Processing instructions
What was that last one?
Using a uniform storage format gives us an extensible way to embed arbitrary metadata in programs
Free from the (many) limitations of the examples given above
Each tool in the chain can inspect, inject, modify, or process whatever it wants
LOLT taken to the next level
This includes tools that run after the compiler is done
BLOB on disk includes instructions for debugger, profiler, logger, etc.

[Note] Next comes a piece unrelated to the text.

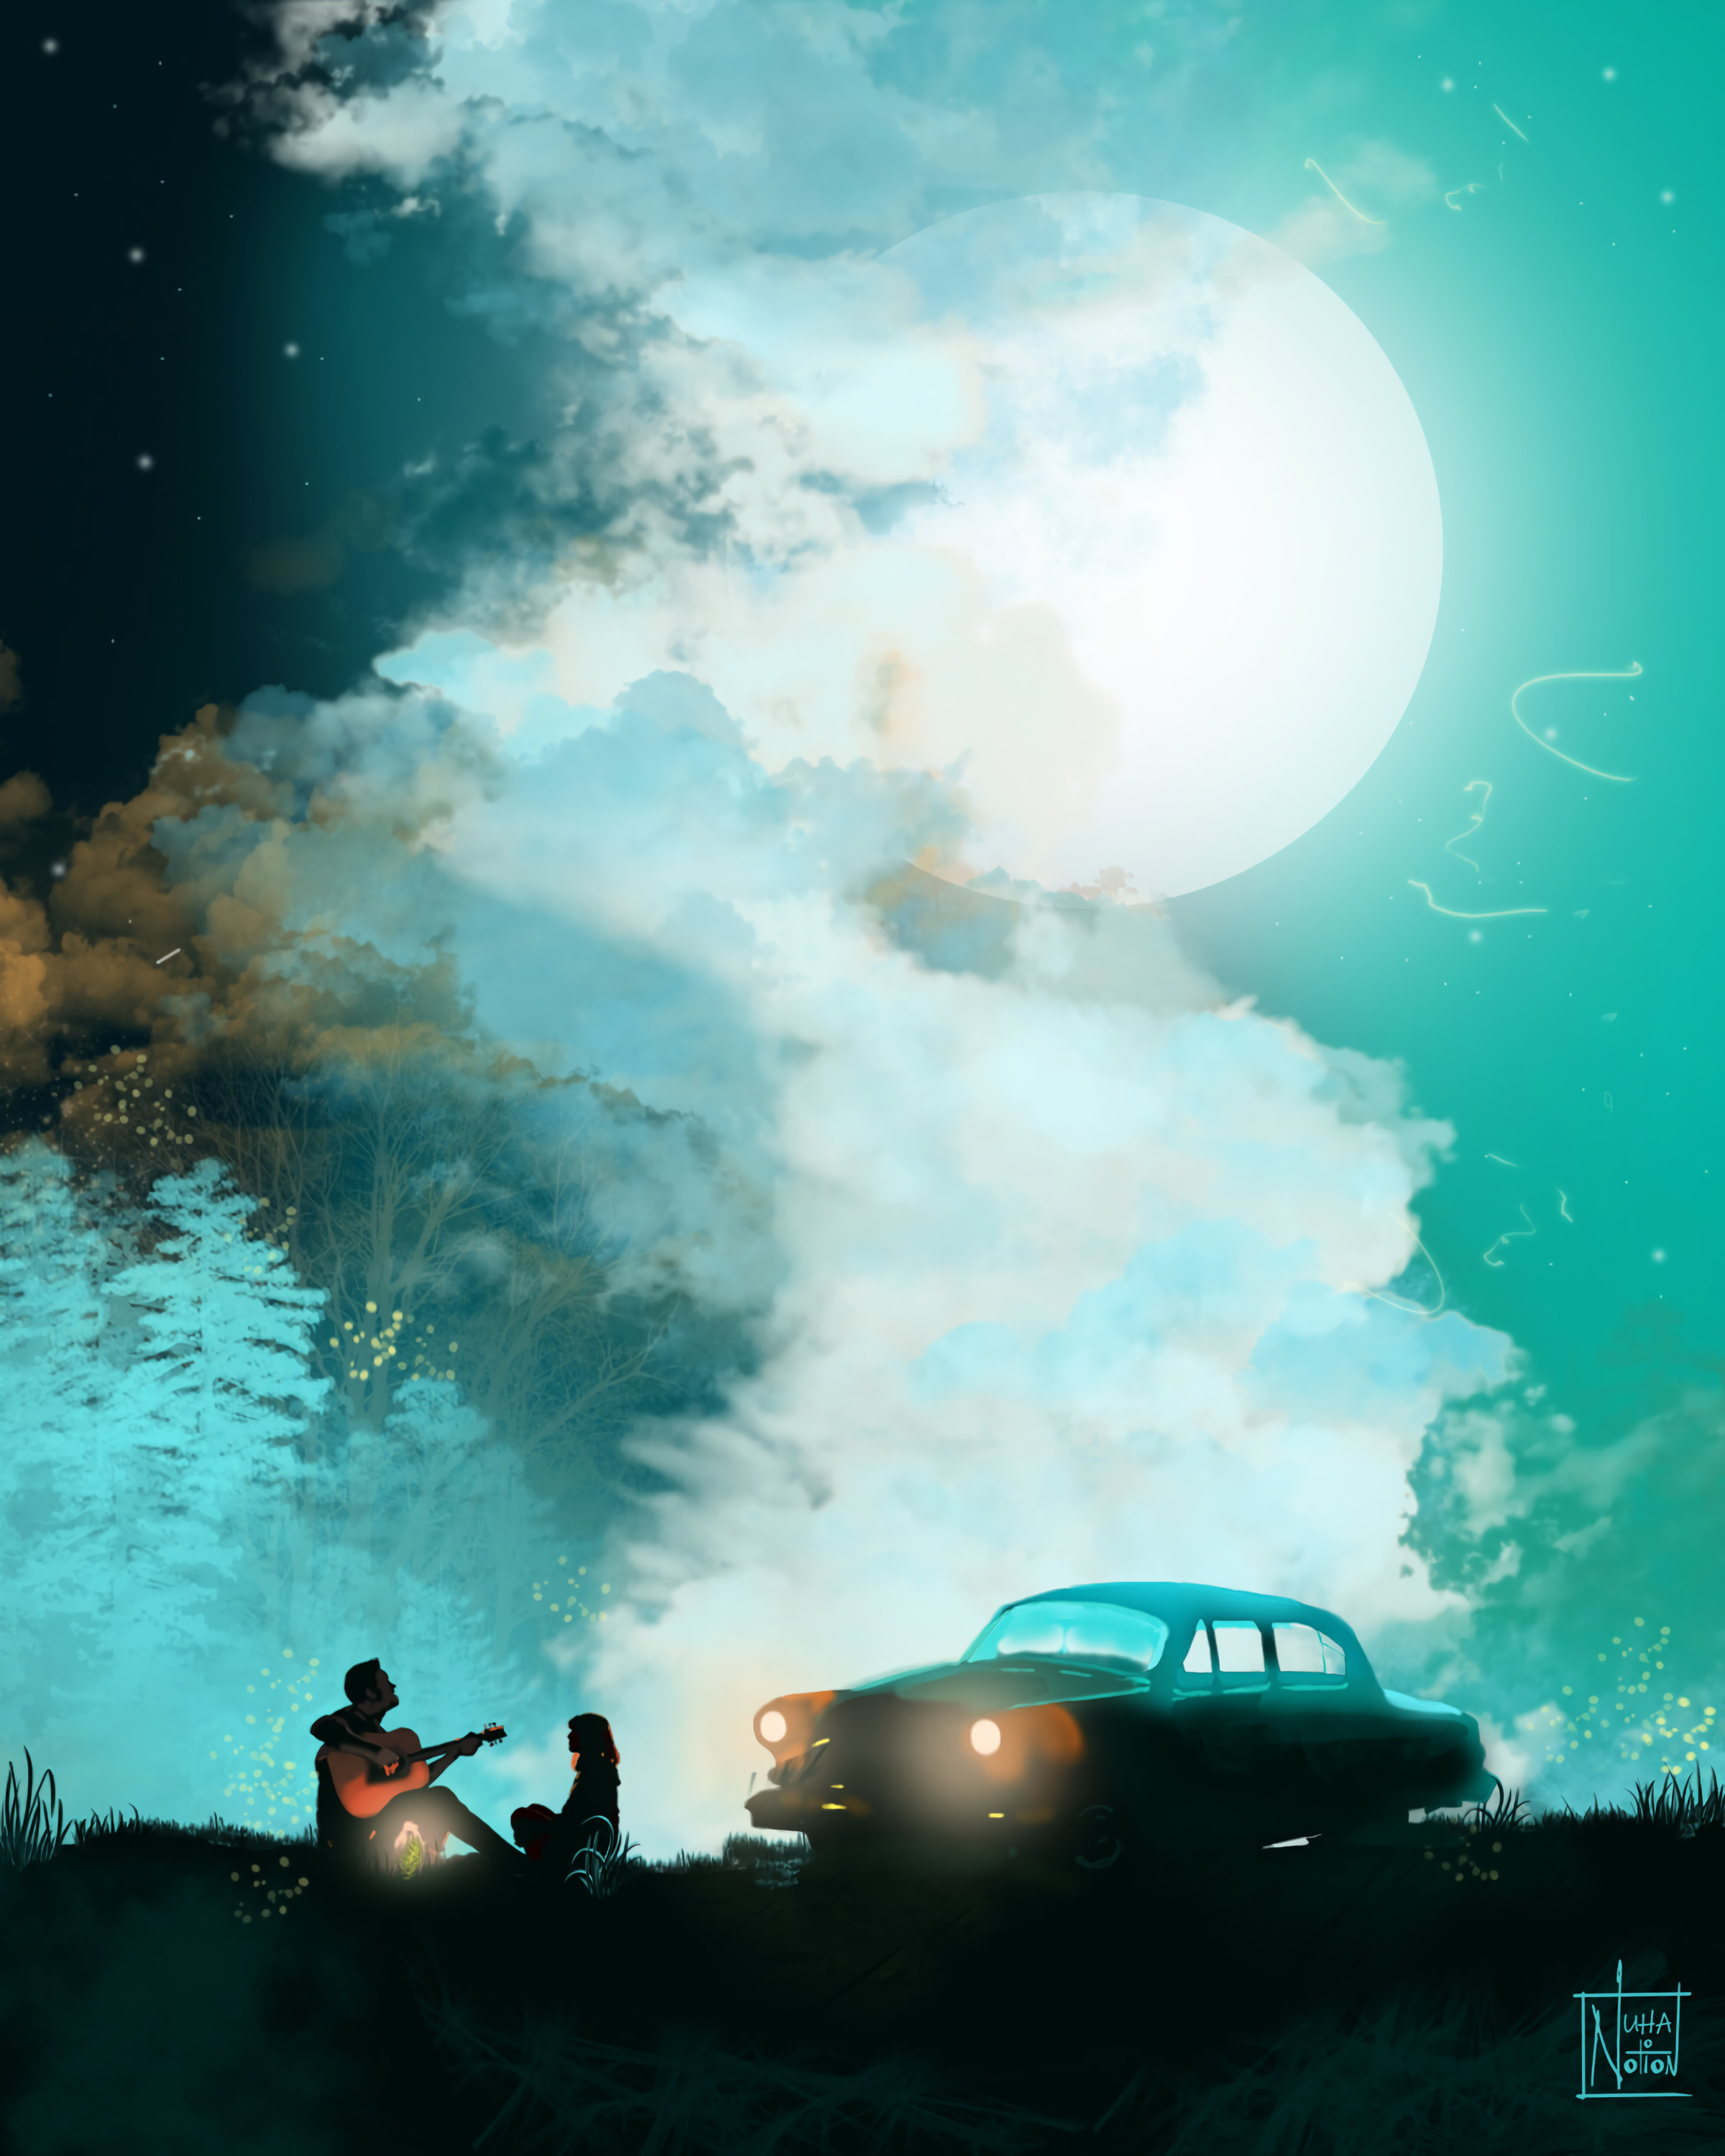 guitar, art, night, silhouettes, moon, car

So what does this look like?
<program>
<doc>
...something like XHTML...
</doc>
<codegen>
...stuff telling code generator how to generate extra code...
</codegen>
<staticcode>
...invariant stuff to be compiled...
<doc>
...which may itself contain documentation blocks...
</doc>
</staticcode>
<debugger>
...code to be executed by debugger, e.g. to customize display...
<runtime-help>
...which may itself contain documentation blocks...
</runtime-help>
</debugger>
<profiler>
...and so on...
</profiler>
</program>
Instructions themselves
<for-loop>
<for-loop-head>
</for-loop-head>
<stmt-seq>
<doc>Only replace below threshold</doc>
<cond>
<test>
<compare-expr operator="less">
<field-expr field="age"><evaluate>record</evaluate></field-expr>
<evaluate>threshold</evaluate>
</compare-expr>
</test>
<body>
<invoke-expr method="release"><evaluate>record</evaluate></invoke-expr>
</body>
</cond>
</stmt-seq>
</for-loop>
Good gracious, that's ugly!
But who cares? This is just a model
As computer scientists, we ought to understand (and be comfortable with) the difference between models and views
One possible view of the code block above:
// Only replace below threshold
for (record in candidates) {
if (record.age < threshold) {
record.release();
}
}
Another view of the same model:
;;; Only replace below threshold
(foreach record candidates
(if (< (field record 'age) threshold)
(record 'release))
)
Examples
Design by contract
Use of certain tags triggers a transformation module
Converts expressions tagged pre and post into legal Java
Injects records formatted for debugger API to allow transformation back to original source
Debugger customization
A standard way to ask the compiler to preserve information in the generated code
So that the debugger can display templated variables using the original semantics
Round-trip CASE
CASE tool can store model descriptions and link to them from code
Standard (XML) editors can be told what to show and hide
Model checker plugin for tool chain will come bundled with the syntax extensions, formats, etc.
We're already doing this
JAR (Java ARchive) and WAR (Web Application Archive) files already contain heterogeneous content
Executable code destined for final product may be only a fraction of content
"I want to see my programs as they actually are!"
1. You can
Text representation of XML is the equivalent of assembly language
2. You never really have
Remember, it takes over 300,000 lines of C to make magnetized regions on disk appear as formatted text on your screen
/ * * \r \n * T h i s c l a
s s p r i n t s < e m > o d
d n u m b e r s < / e m > . \r
\n * S e e t h e < a h
r e f = " { @ d o c R o o t } /
c o p y r i g h t . h t m l " >
C o p y r i g h t < / a > . \r \n
* @ a u t h o r G r e g
W i l s o n \r \n * @ v e r s
i o n 1 . 2 \r \n * / \r \n \r \n
p u b l i c c l a s s O d d
s { \r \n p u b l i c s t
a t i c v o i d m a i n ( S
t r i n g [ ] a r g s ) { \r
\n f o r ( i n t i =
0 ; i < 1 0 ; + + i ) { \r
\n i f ( i % 2
) { \r \n S y s
t e m . o u t . p r i n t l n (
i ) ; \r \n } \r \n
} \r \n } \r \n } \r \n
"Vee Eye or Die!"
Do you use lynx?
More importantly, do you think a generation that has grown up with Word and IE is going to put up with Emacs?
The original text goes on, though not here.